- Title card
- Genre: Sci-fi, Drama, Fantasy, Musical
- Created by: ABS-CBN Studios
- Based on: Kokey by Romy Suzara
- Directed by: Wenn V. Deramas Ruel S. Bayani
- Music by: Vince De Jesus
- Ending theme: "Kokey" by Joshua Cadeliña
- Country of origin: Philippines
- Original language: Tagalog
- No. of episodes: 70

Production
- Executive producer: Brenda Lee Estopacio
- Running time: 45 minutes
- Production company: Star Creatives

Original release
- Network: ABS-CBN
- Release: August 6 – November 9, 2007

Related
- Kokey at Ako

= Kokey (TV series) =

Kokey is a 2007 Philippine television drama broadcast by ABS-CBN. The series is based on the 1997 film of the same title. Directed by Wenn V. Deramas and Ruel S. Bayani, it stars Joshua Cadeliña, Julia Barretto, Ruffa Gutierrez, Redford White, Eugene Domingo, Rhap Salazar, Nova Villa, Joji Lorenzo, Boots Anson-Roa, Mylene Dizon and Ryan Eigenmann. It aired on the network's Primetime Bida line up and worldwide on TFC from August 6 to November 9, 2007, replacing Which Star Are You From and was replaced by Princess Sarah.

==Overview==
===Film===

The first Kokey encounter happened twenty years ago. It was in 1997 when we were first introduced to the cute alien who had a penchant for befriending human beings. And his best friend then was the pre-pubescent Carlo Aquino in the movie entitled Kokey. It was directed by the same man who brought Cedie and Sarah, Ang Munting Prinsesa to the big screen---Romy Suzara.

==Plot==
An alien named Kokey from the planet Yekok had crash-landed on Earth in his ship. He eventually befriends a young orphan named Bong, and he helps Kokey to fix his ship so that he could return to planet Yekok. Kokey also befriends other people - Anna, the sister of Bong, Abie, an aspiring pilot who helped build Kokey's ship, and Peping.
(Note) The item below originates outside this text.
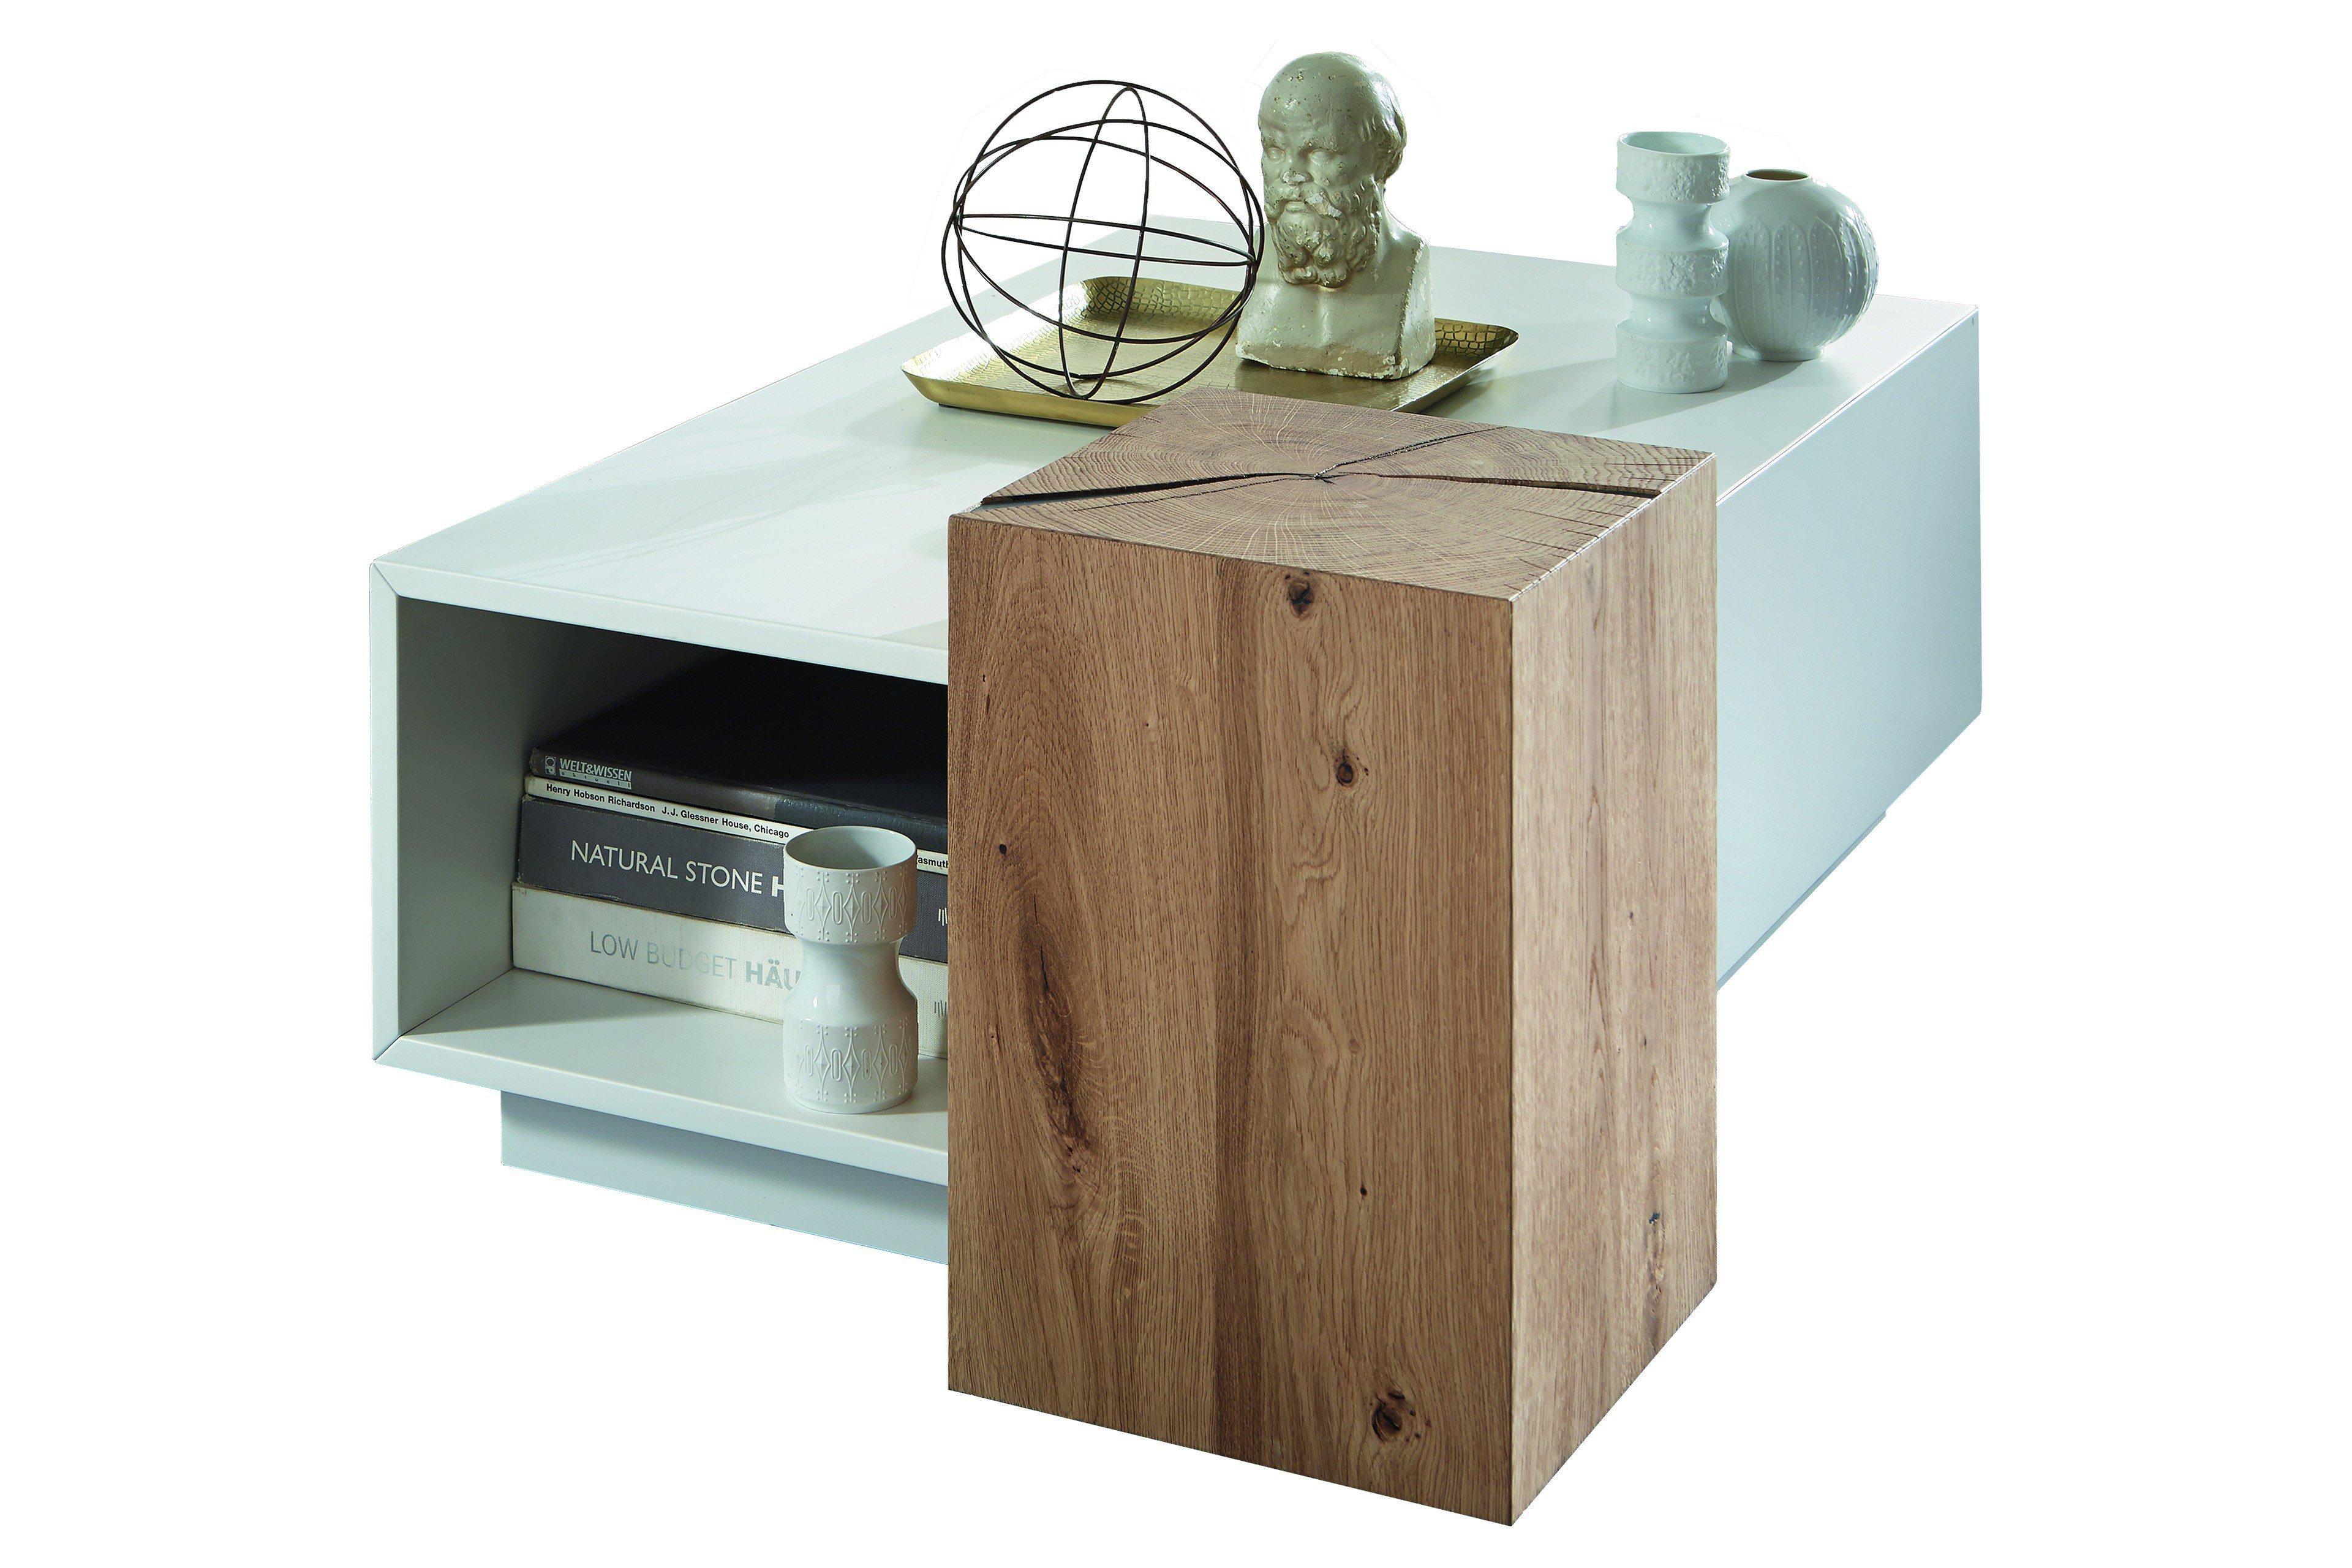 Wöstmann Couchtisch Nw 440 Bianco Möbel Letz Ihr Online Shop

Meanwhile, Kokey's enemy, Korokoy, followed him to Earth in order to find a crystal which Kokey values the most. Bong, Anna, Abie & Peping must help Kokey to find the lost crystal, fix his ship in time, and defeat Korokoy. One night, as Kokey & the others were sleeping on a leaf (on their many adventures, they shrank at one point), Bong stayed awake & looked up at the sky, thinking sadly about his friend Kokey & what his life would look like without him (when he leaves for planet Yekok in the distant future). After singing a quite sad song about Kokey, he finally drifts off to sleep. The next day, they continue their search for the crystal. They encountered many mysteries & many problems they had to solve, but eventually they found the crystal & defeated Korokoy. Kokey's mother, Kakay, soon went to Earth to help her son. It turns out that Kokey's father, Kokoy, & Korokoy were enemies too. When they had found the crystal & defeated Korokoy, he said his final words: "I shall come back again!". Then Kokey & Kakay went off to Yekok in their spaceship. Once they were high in the night sky, his mother asked him, "Where's the crystal?" Then Kokey looked around & was alarmed to find out that he left the crystal with Bong! When his mother found out, they both cried, "AAAAAAAAAH!" as the spaceship flew away.

==Cast and characters==
===Main cast===
- Joshua Cadeliña as Bong
- Julia Barretto as Anna
- Ruffa Gutierrez as Trining
- Redford White as Nanding
- Eugene Domingo as Charisse
- Rhap Salazar as Jimboy
- Nova Villa as Sor. Aida
- Joji Lorenzo as Marcial
- Boots Anson-Roa as Doña Ingrid
- Mylene Dizon as Myra
- Ryan Eigenmann as Nicassio / Korokoy
- Zanjoe Marudo as Abi
- Megan Young as Shane
- Quintin Alianza as Peping

===Special participation===
- Sid Lucero as Isidro
- DJ Durano as Dr. DJ
- Jenny Miller as Divina
- Francis Magundayao as Elias
- Vice Ganda as Lyka Horse

==Sequel==
On ABS-CBN's Trade Launch for its then-upcoming shows for 2009, a preview was shown for the sequel with the title, "Kokey Returns". In November 2009, Kokey was included in the 21st Advertising Congress as ABS-CBN's then-upcoming 2010 programs. The sequel was retitled Kokey at Ako.